◆ Instructions for the task:
Below is a listing to repeat exactly, with its pictures left out.

◆ Information provided:
┄┄┄┄┄┄

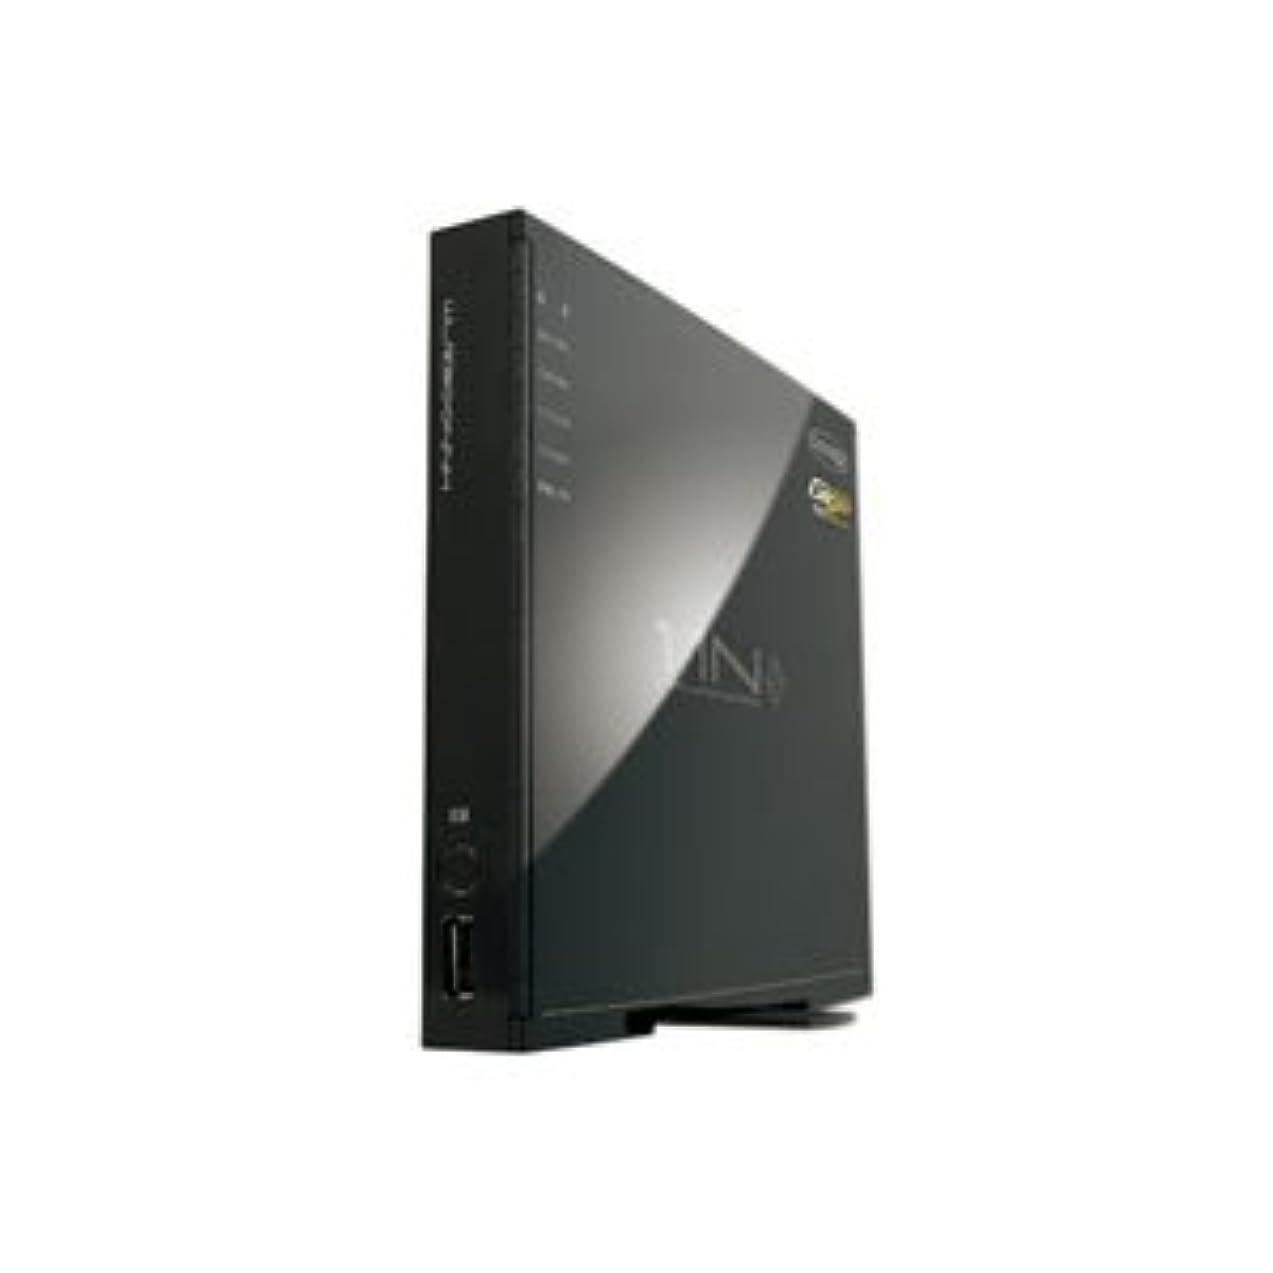 急行する熱心な無限大コレガ(アライドテレシス) 11n準拠 11a/g/b同時利用 無線LANルータ オールギガ対応 USBポート搭載 WPS搭載 CG-WLR300NNH
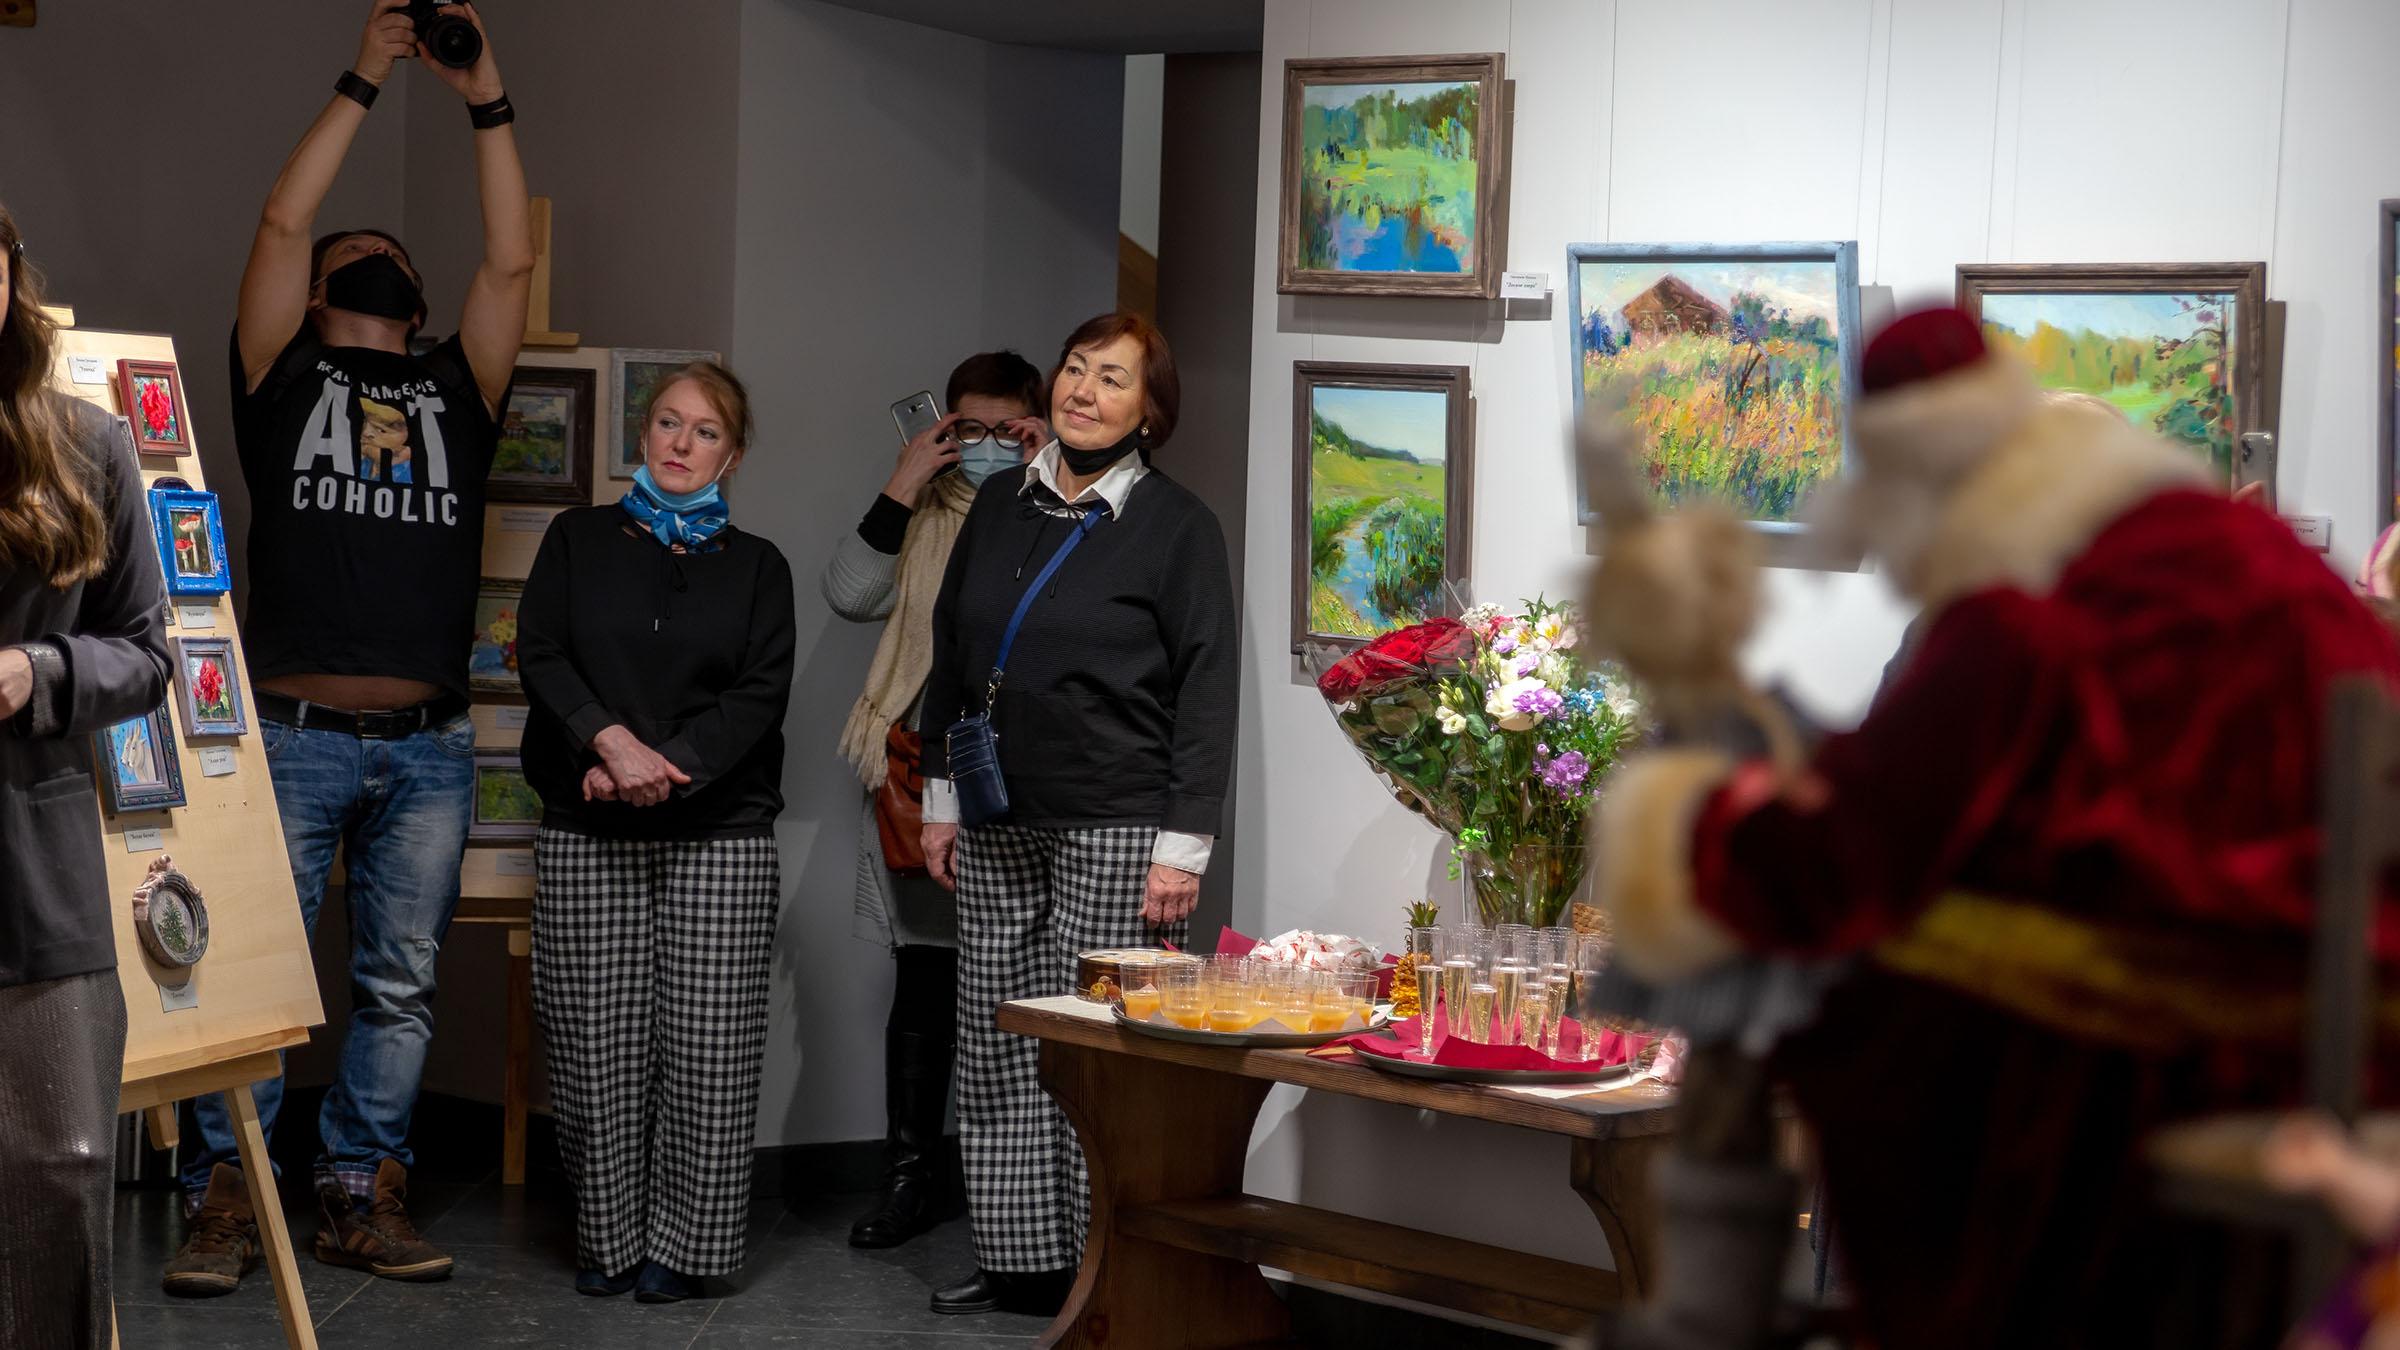 На открытии выставки «Сентиментальное путешествие»::Сентиментальное настроение (Дуэт АняМаня, Н. Григорьева)
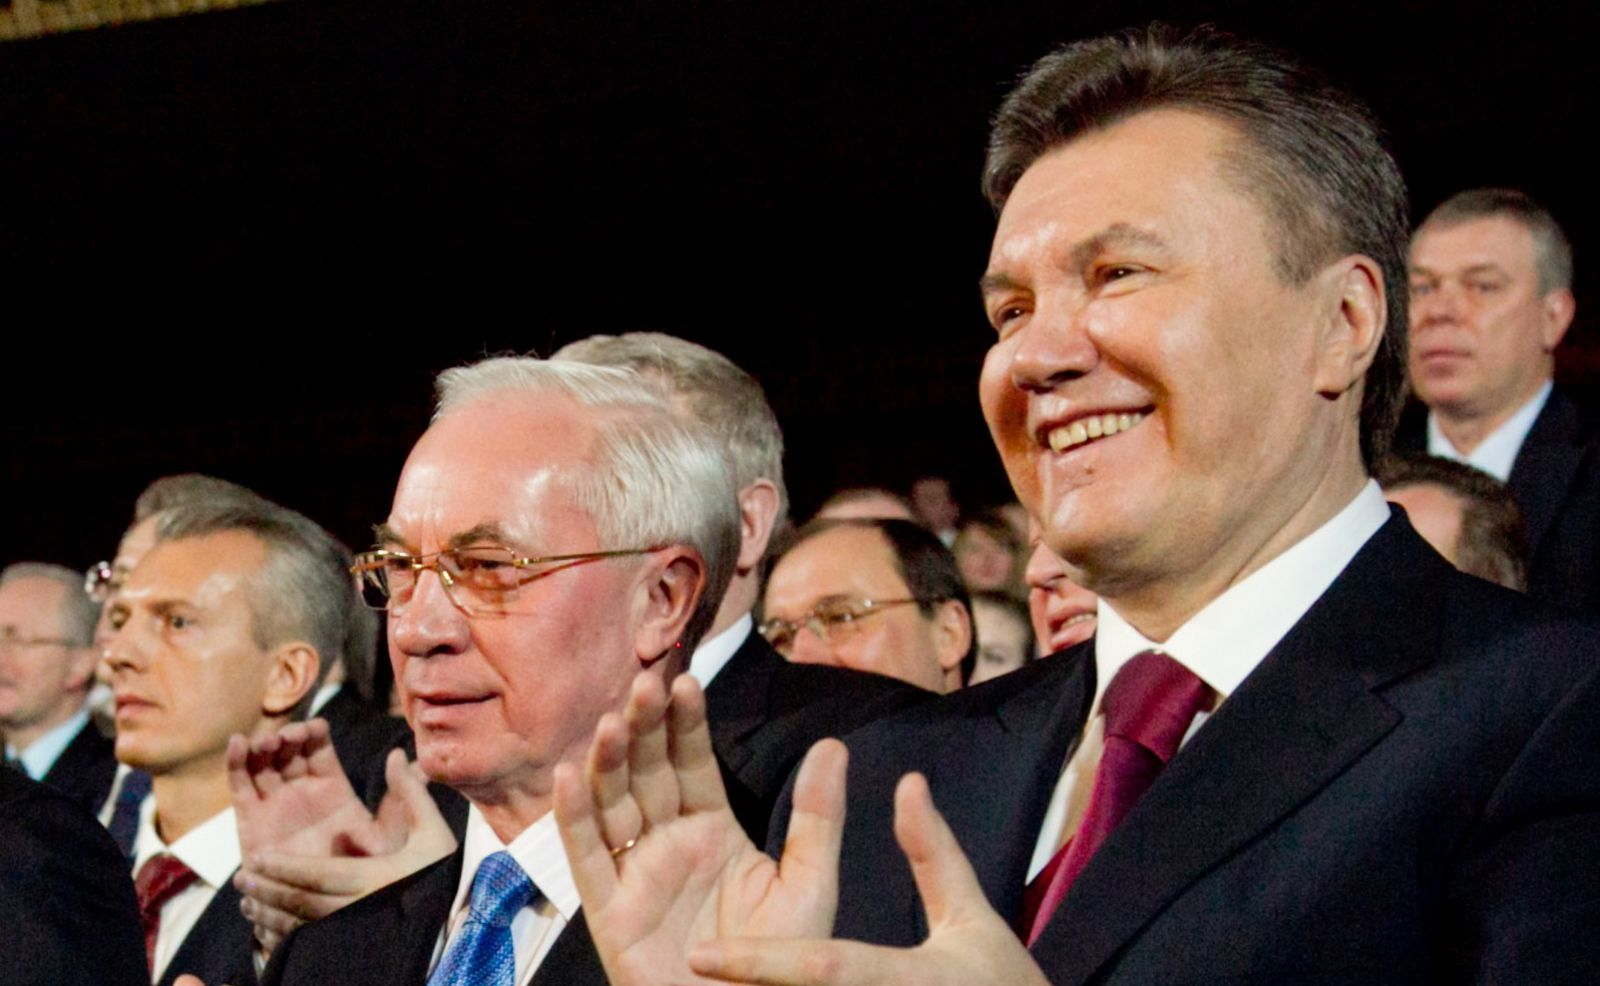 Суд арестовал пенсии Януковича и Азарова, которым начисляли по 17 тысяч гривен ежемесячно

┄┄┄┄┄┄

◆ Reply:
 急行する熱心な無限大コレガ(アライドテレシス) 11n準拠 11a/g/b同時利用 無線LANルータ オールギガ対応 USBポート搭載 WPS搭載 CG-WLR300NNH
 На открытии выставки «Сентиментальное путешествие»::Сентиментальное настроение (Дуэт АняМаня, Н. Григорьева)
 Суд арестовал пенсии Януковича и Азарова, которым начисляли по 17 тысяч гривен ежемесячно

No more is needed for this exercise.